*** Opening Dataset extract ***
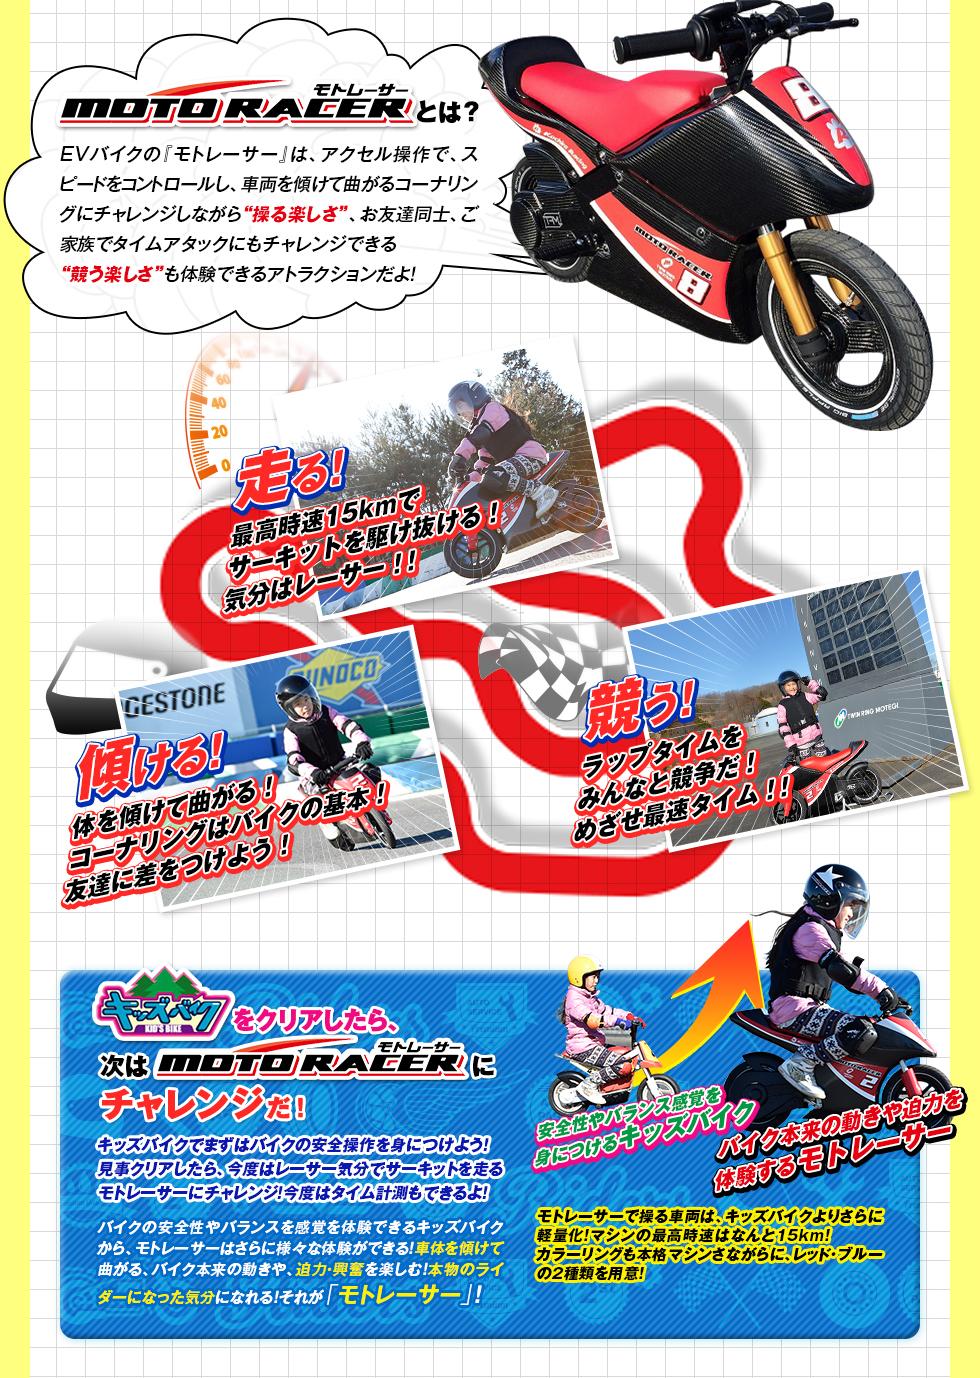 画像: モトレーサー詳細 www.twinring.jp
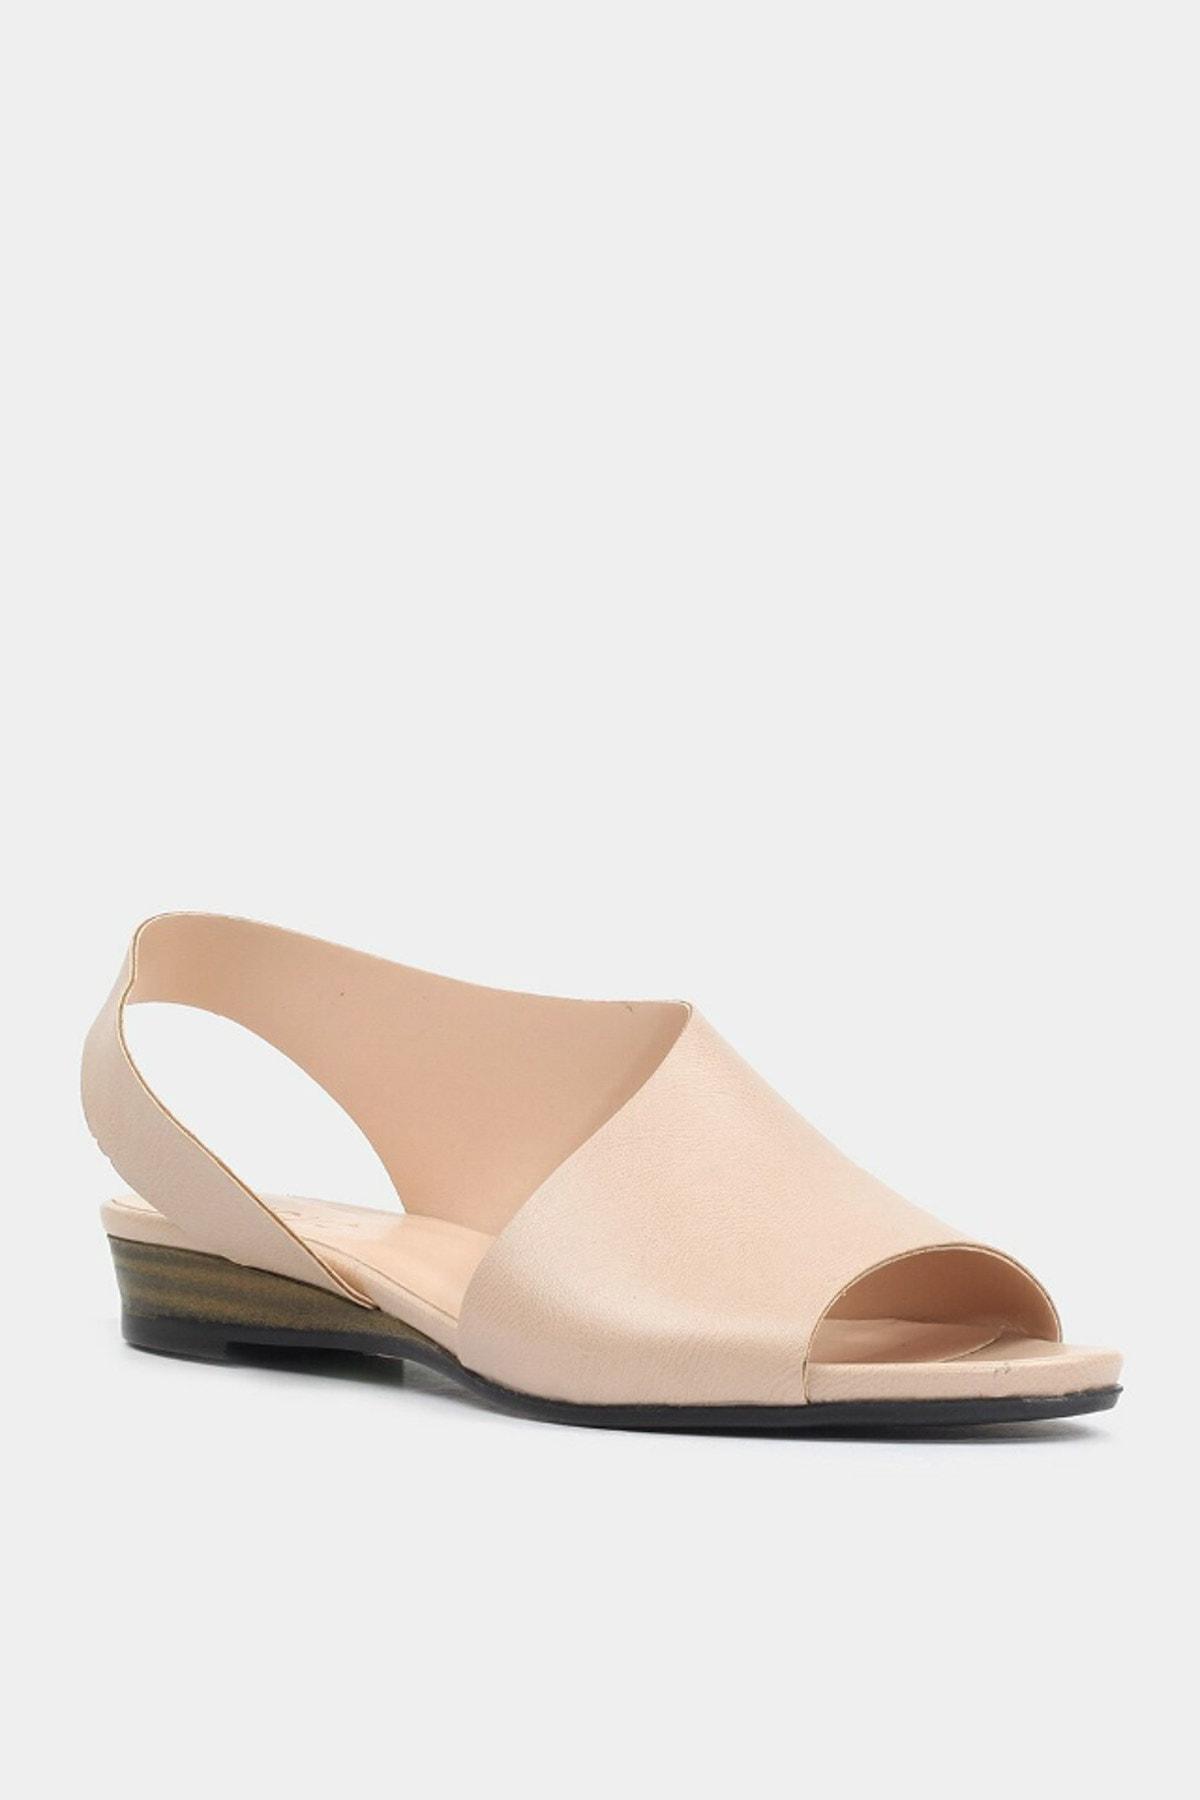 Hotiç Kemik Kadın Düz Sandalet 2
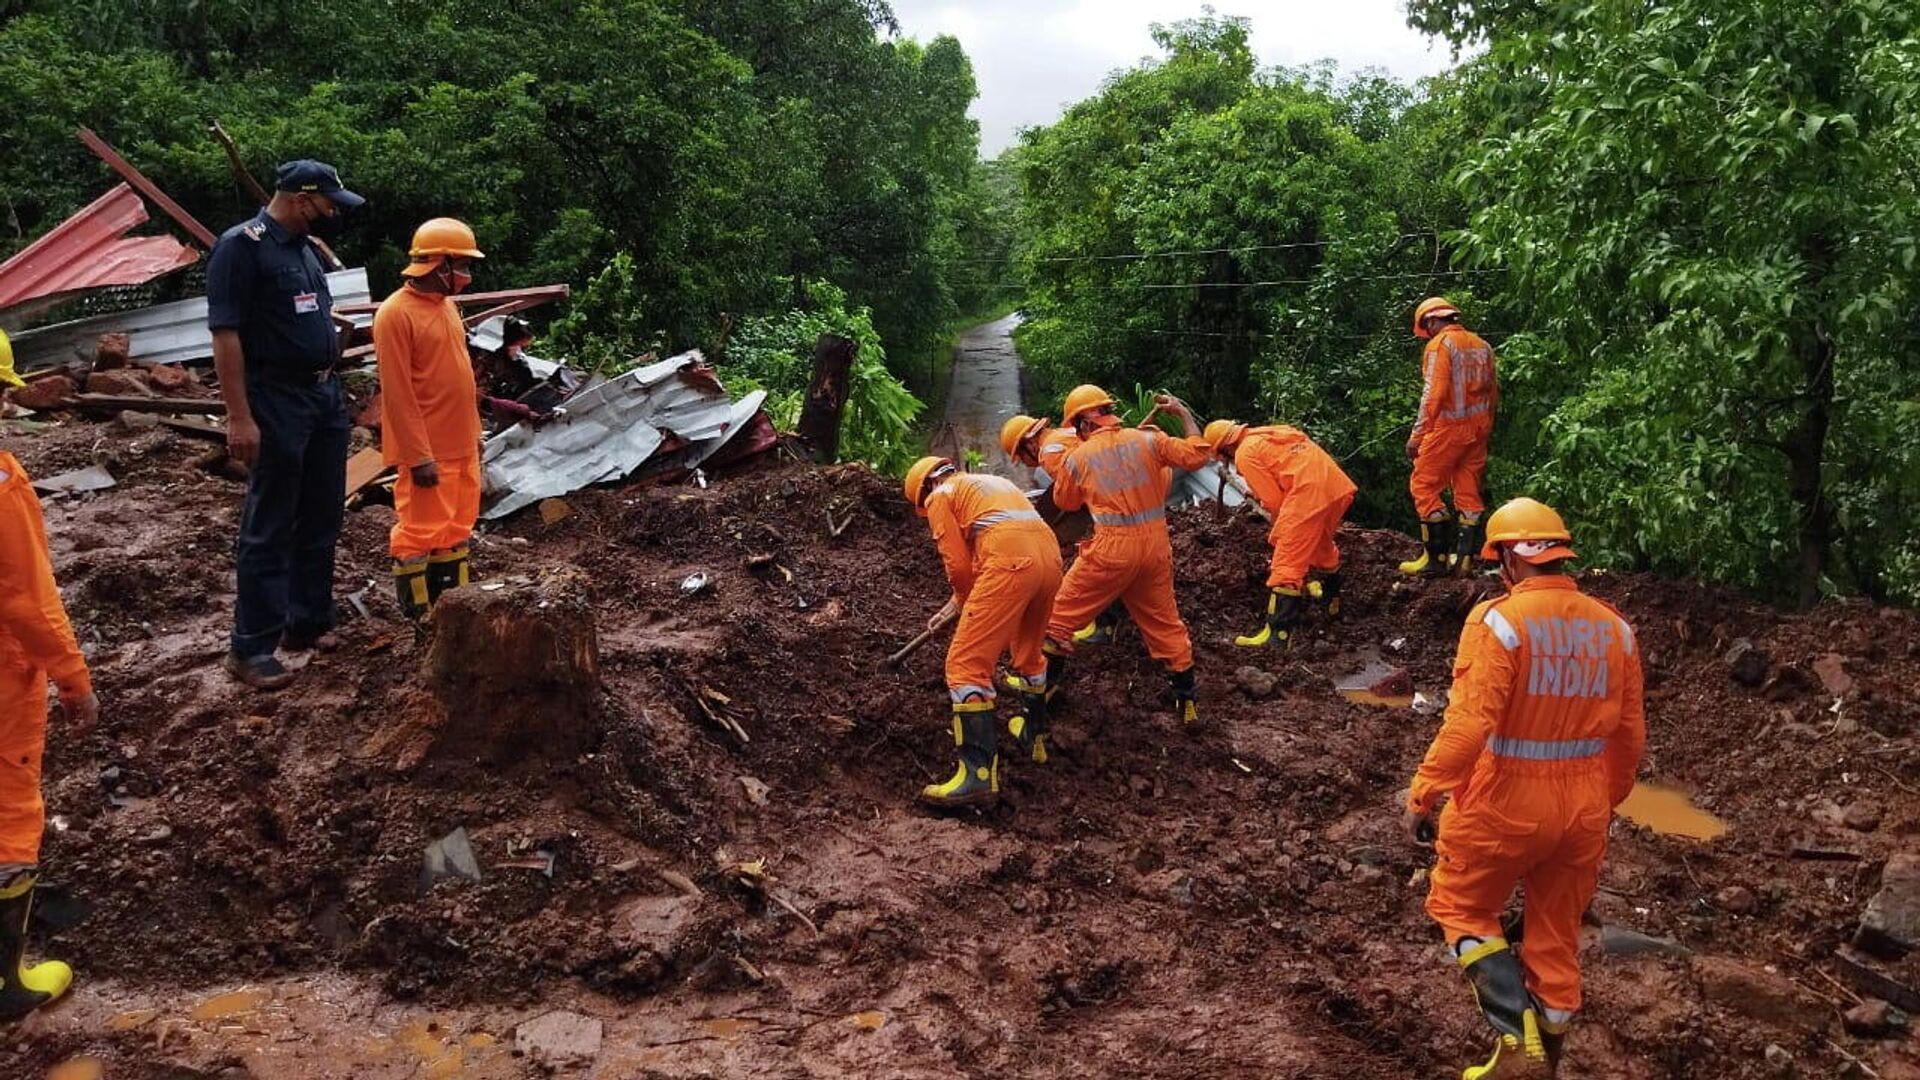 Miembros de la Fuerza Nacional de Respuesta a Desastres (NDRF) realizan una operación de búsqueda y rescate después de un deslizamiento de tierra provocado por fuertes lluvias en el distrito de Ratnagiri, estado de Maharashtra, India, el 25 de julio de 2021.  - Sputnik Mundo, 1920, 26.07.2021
*** Closing Dataset extract ***
- [What the exercise asks] Except for the pictures, please retype the listing above exactly.

- [Result for this exercise]
 画像: モトレーサー詳細 www.twinring.jp
 Hotiç Kemik Kadın Düz Sandalet 2
 Miembros de la Fuerza Nacional de Respuesta a Desastres (NDRF) realizan una operación de búsqueda y rescate después de un deslizamiento de tierra provocado por fuertes lluvias en el distrito de Ratnagiri, estado de Maharashtra, India, el 25 de julio de 2021.  - Sputnik Mundo, 1920, 26.07.2021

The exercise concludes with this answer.